An Indie Author also plays the role of “Marketer.” Most writers are NOT cut out for marketing. They are the creatives, the idea makers. But marketing? To a lot of us it’s like speaking a different language. Not to mention, in my case, my last job was in marketing and I’m somewhat traumatized by being on the end of rudeness and cursing and yelling by the people I was approaching. And I was one of the nicest people you could talk to. So, the thought of pandering to my “friends” to purchase my books strikes fear in my heart. It’s something akin to a pyramid scheme where your friends are your victims…uh, clients. I can’t do it. It’s physically and emotionally painful for me.

But it doesn’t stop there. The Indie Author is also the Head of Advertising. If they want to be seen among the 750,000 books listed on amazon.com (and I’m sure that’s a conservative statistic), they must engage in some sort of advertising: GoogleAds, Facebook ads, BookBub campaigns…the list goes on forever. And all those things cost money. You’re already dipping into reserves that you haven’t made yet and may never make. I know that sometimes you have to put something in to get a return, but I truly wonder how many Indie Authors NEVER see a return. I don’t have that money to invest. I just don’t.

The Indie Author is also a Social Media Expert. Again, to be noticed, they need to engage with potential readers on Twitter, Facebook, their own website (if they have one – another investment), Instagram, Pinterest, Google+, LinkedIn…and I’m sure I forgot something. All of this “engagement” takes time away from writing. Because for most Indie Authors, writing is not their day job. Even a lot of traditionally published authors don’t write a book and watch the profits roll in. They make a lot of their money from speaking engagements. But people want to hear from “famous authors.” From the Indie Author? Not so much.

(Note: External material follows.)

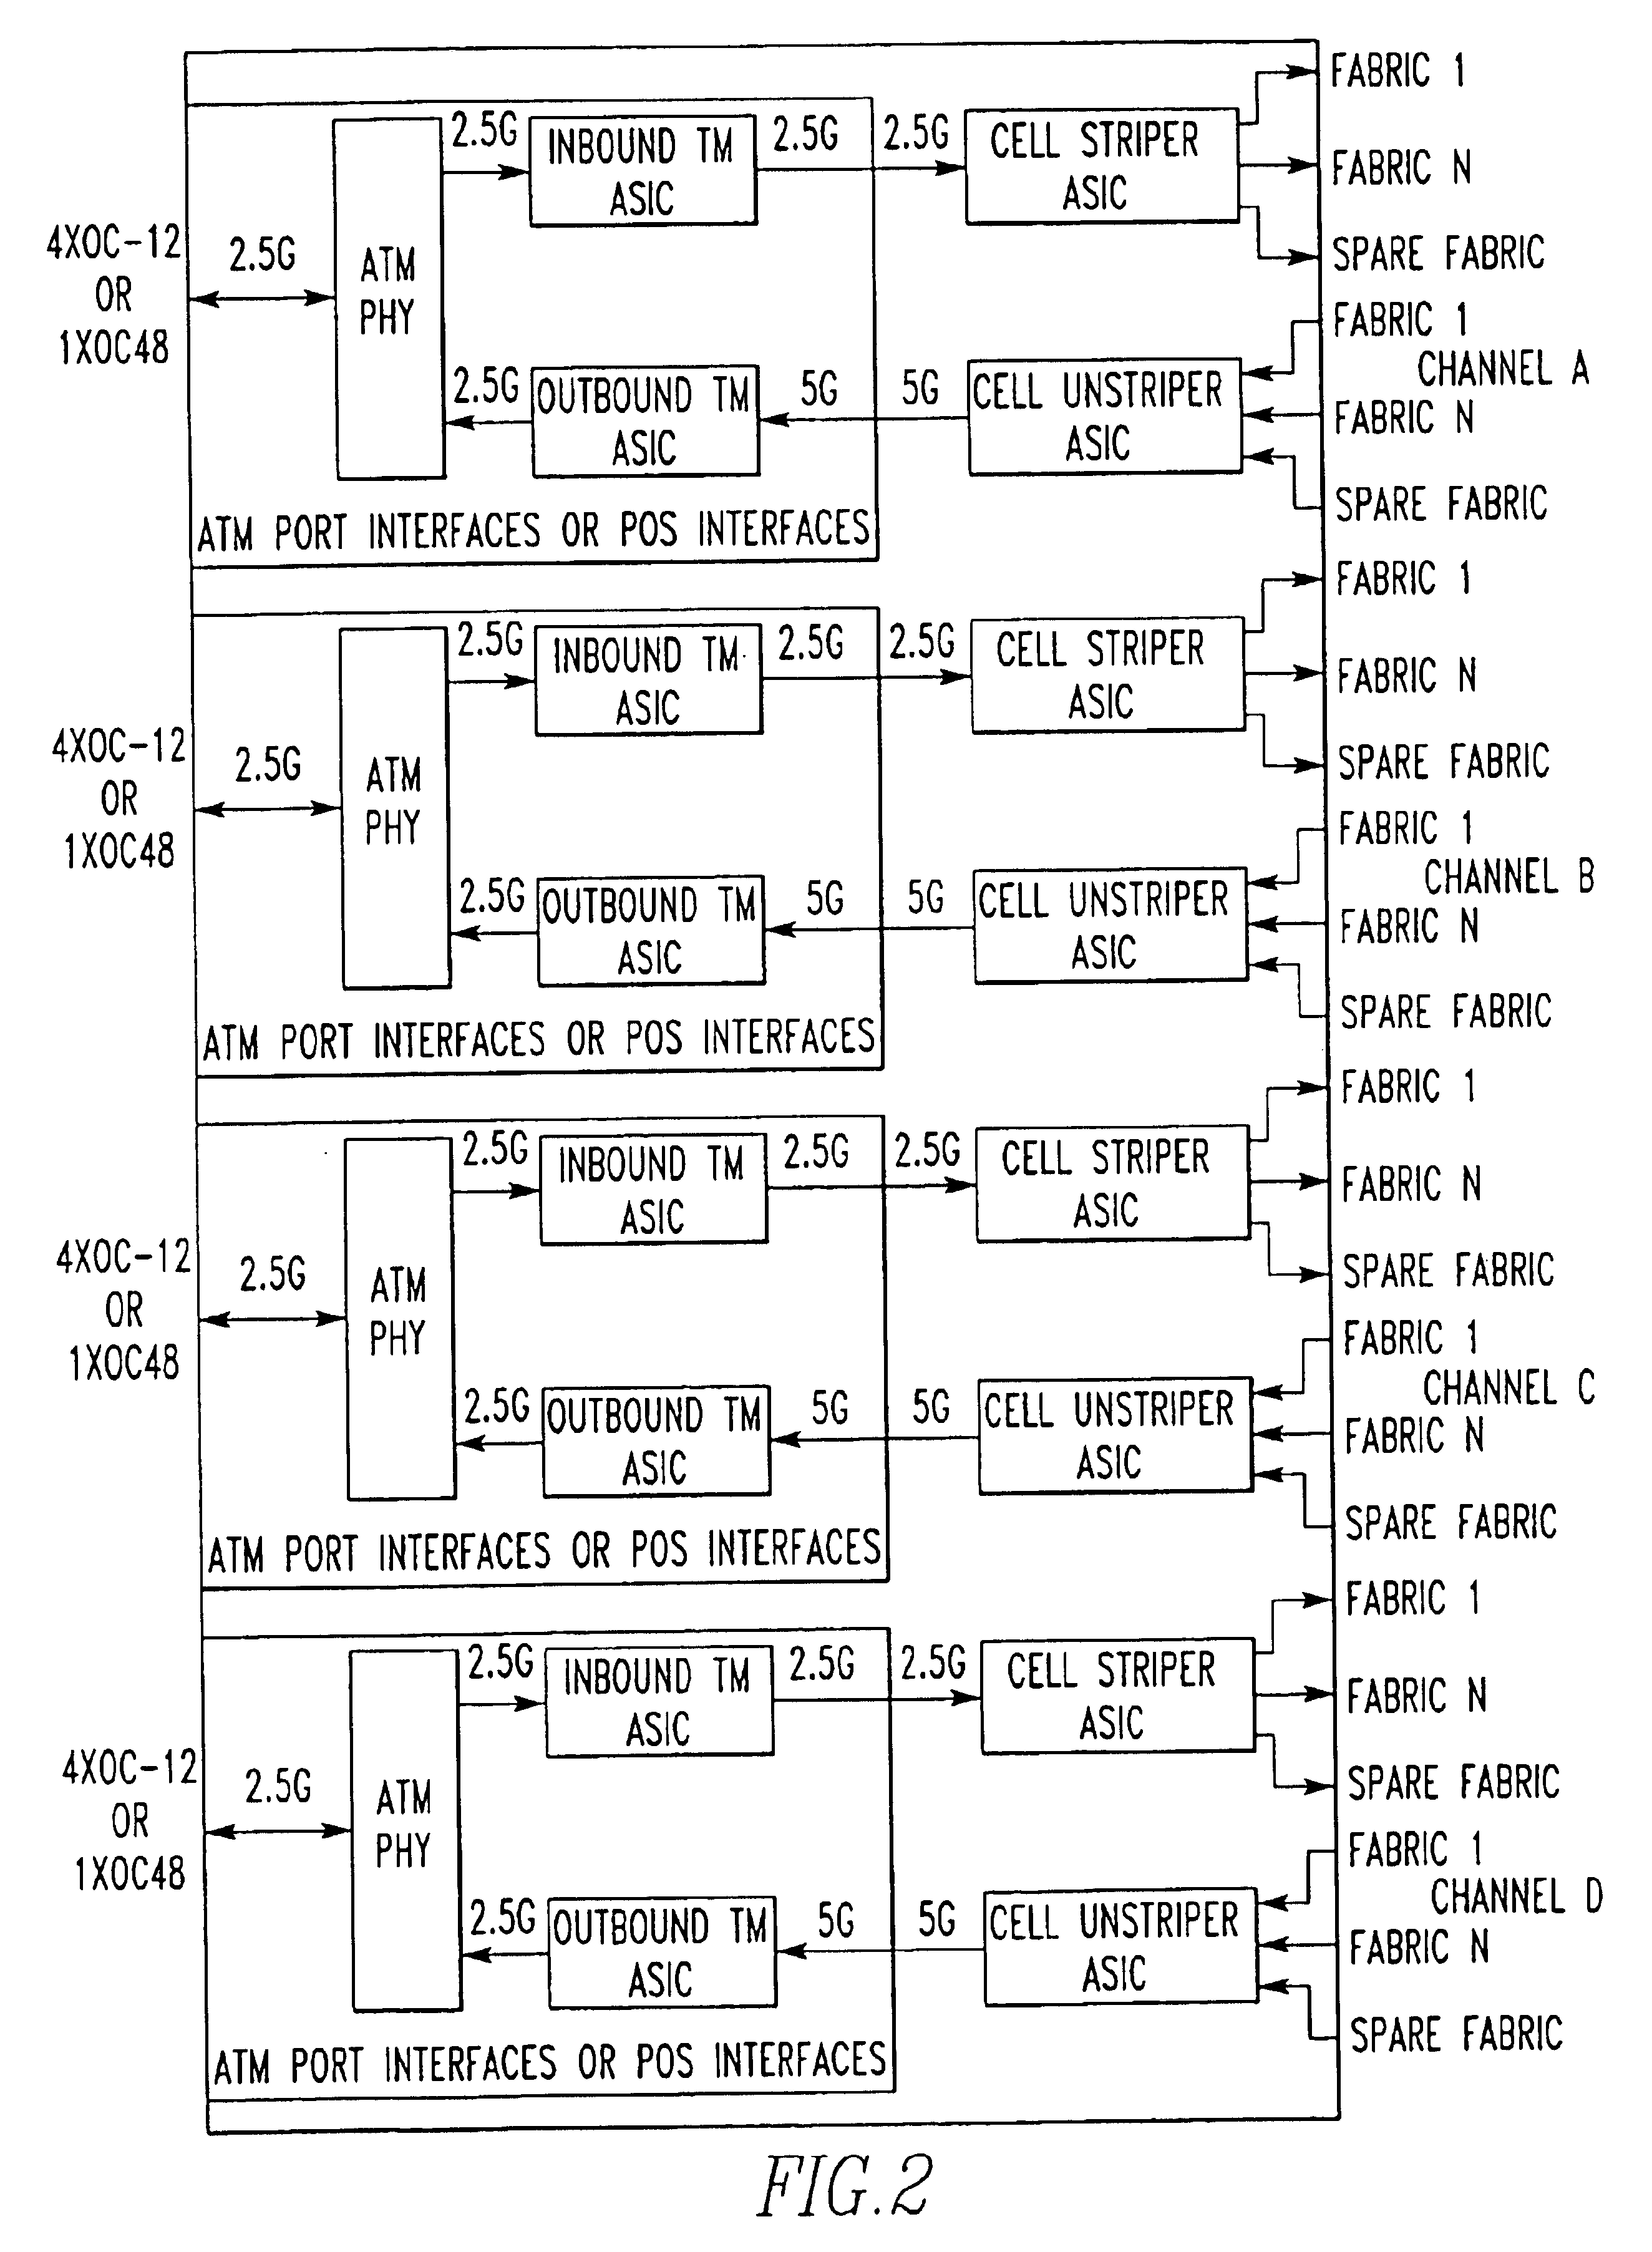 Receiver decoding algorithm to allow hitless N+1 redundancy in a switch

The Indie Author must also be the Gatekeeper. What do I mean by that? I mean that there are a whole lot of scammers out there wanting to “help” with your marketing. The scammers have figured out how to sell “10,000 books their first year without even trying” and they’re willing to show you how…for a small fee or for the price of their e-book. Yeah, I’m not falling for it.

The Gatekeeper also screens out bad advice. The truth is there is no “right” answer. It’s hard work. There is no “quick fix.” It’s a long and arduous endeavor.

Some Indie Authors are also Graphic Designers. They have mastered formatting of their novels. They’ve learned the rules to make their books compete with the traditionally published counterparts. The talented ones can make covers that look professional.

So why do I do it?

Because I love to write. I love my fellow human beings. I want to connect with them. I want my stories to say to them “I get you. I’ve been there.” I want people to find a little bit of themselves or their friends or family members in my characters. I want to leave a legacy of some sort, an imprint on the world for when I’m gone. Even if only five people read my novels, I’m okay with that. I don’t plan on getting rich from them, that isn’t my intention. I know I should do more to put myself out there. I should make a bigger financial investment than I have up until now. And maybe when I don’t have to budget for braces or college or car repairs, and I’ve managed to retire on the MidAtlantic coast in my tiny paid-for home then I’ll have that option. But until I’m living the dream, I will continue to write and write and write. And I’m eternally grateful for every reader I’ve had.

What about my fellow Indie Authors – what’s your Indie Author Secret Life look like?